# My Latest Project - Coffee Table



## cdarney (Mar 27, 2008)

My boys just moved into an apartment and they took my wife's hope chest to use as a coffee table/footrest. After a week it looked pretty bad. I built them this coffee table so I can bring the hope chest back and refinish it. 

It's made with red oak that I put a light coat of cherry stain on. It has enough poly on it to withstand any amount of beverage and foot traffic they can throw at it. The table is 17" high x 33.5" wide x 21.5" deep and has some storage inside. I never found apartments to be particularly secure so I added a couple of hidden drawers that can hold things out of sight.

...Chuck


----------



## Bob N (Oct 12, 2004)

Hi Chuck,

When you build a coffee table, you really do it right. Those boys ought to apperciate that for sure.

Beautiful job and nothing better than oak to show off the fine craftsmanship too! I really like the hidden drawers idea.


----------



## Mike Wingate (Apr 26, 2009)

Does the sliding front panel dovetail into grooves in the front legs? Nice concept, I like the secret drawers.


----------



## kp91 (Sep 10, 2004)

I love it! Simple, yet great proportions, and the secret drawers are a great idea.


----------



## xplorx4 (Dec 1, 2008)

Looking good, I really like the finish, and the hidden drawers. Is tha after the shaker style?


----------



## cdarney (Mar 27, 2008)

Mike Wingate said:


> Does the sliding front panel dovetail into grooves in the front legs? Nice concept, I like the secret drawers.


I cut off 2.5 inches off the tops of the tenons on the front apron. With no glue on those tenons it allows the apron to slide up inside the mortise. It still leaves about 4 inches of tenon for the strength.


----------



## cdarney (Mar 27, 2008)

xplorx4 said:


> Looking good, I really like the finish, and the hidden drawers. Is tha after the shaker style?

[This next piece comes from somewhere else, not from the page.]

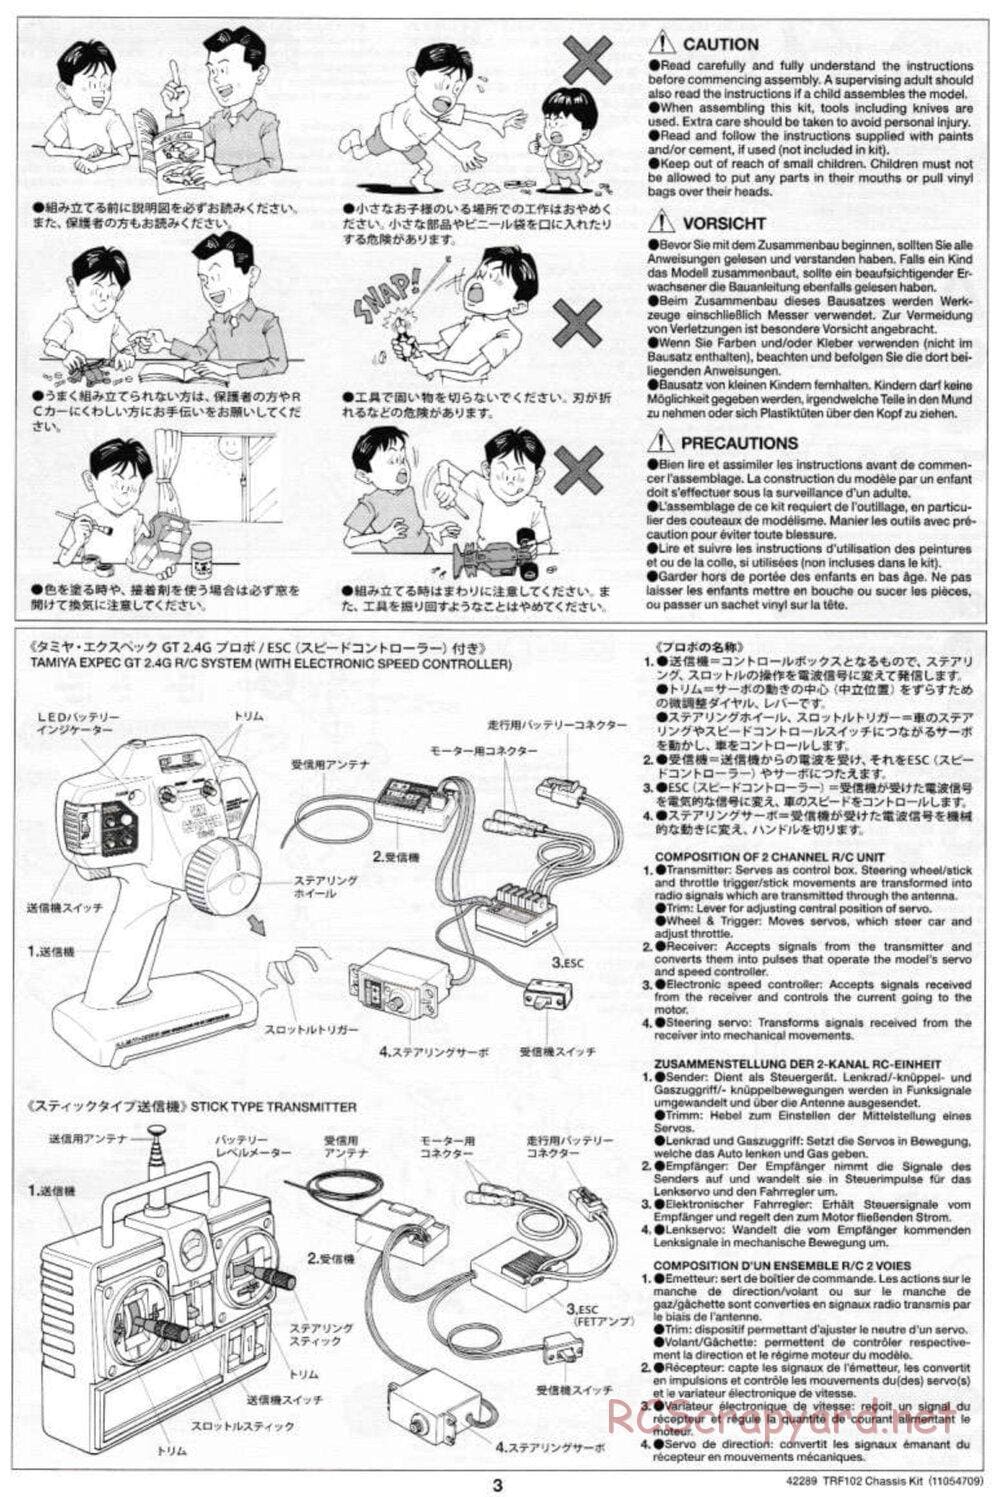 Tamiya - TRF102 Chassis - Manual - Page 3

Thanks. I wanted a finish that take significant abuse. It's more of a "Popular Mechanics" style. The plans I found looked like something I could do.


----------



## FloridaTermite (Sep 22, 2009)

Looks really good! Especially like the hidden drawers...


----------



## TRN_Diesel (Feb 24, 2009)

What a great looking coffee table. I take two creams in my coffee please.


----------



## BigJimAK (Mar 13, 2009)

Looks great, Chuck! My bride just saw it and added a coffee table to her list of honeydo's for me. While I finish her entry bench, what new tools will I need to make a coffee table? <eg>


----------



## cdarney (Mar 27, 2008)

BigJimAK said:


> Looks great, Chuck! My bride just saw it and added a coffee table to her list of honeydo's for me. While I finish her entry bench, what new tools will I need to make a coffee table? <eg>


I bought dimensional lumber so there was no need for a jointer, planer, etc to mill the wood. I would have used something different if I already had them. The only power tools were the table saw, router (mortises) and random orbital sander. The basic plan I used is here:

popularmechanics.com/home_journal/woodworking/1273216.html

It could be easy to justify increasing the tool budget. Good luck!


----------



## Rolf Maxa (Feb 8, 2005)

Really nice coffee table Chuck. It funny, but my son asked me to make him a coffee table with a secret compartment. I've been good all over to find one.
Thanks I'm going to show him your design


----------



## drasbell (Feb 6, 2009)

Very nice table. and great craftsman ship. nicely done.


----------



## vikingcraftsman (Mar 31, 2006)

Other example of life made better through woodworking. Just think of all the things that are going to be stuffed in that table. Great job and thanks for posting it.


----------



## CanuckGal (Nov 26, 2008)

That is a great design and you did a superb job with it! They are going to like it a whole lot more then the hope chest.


----------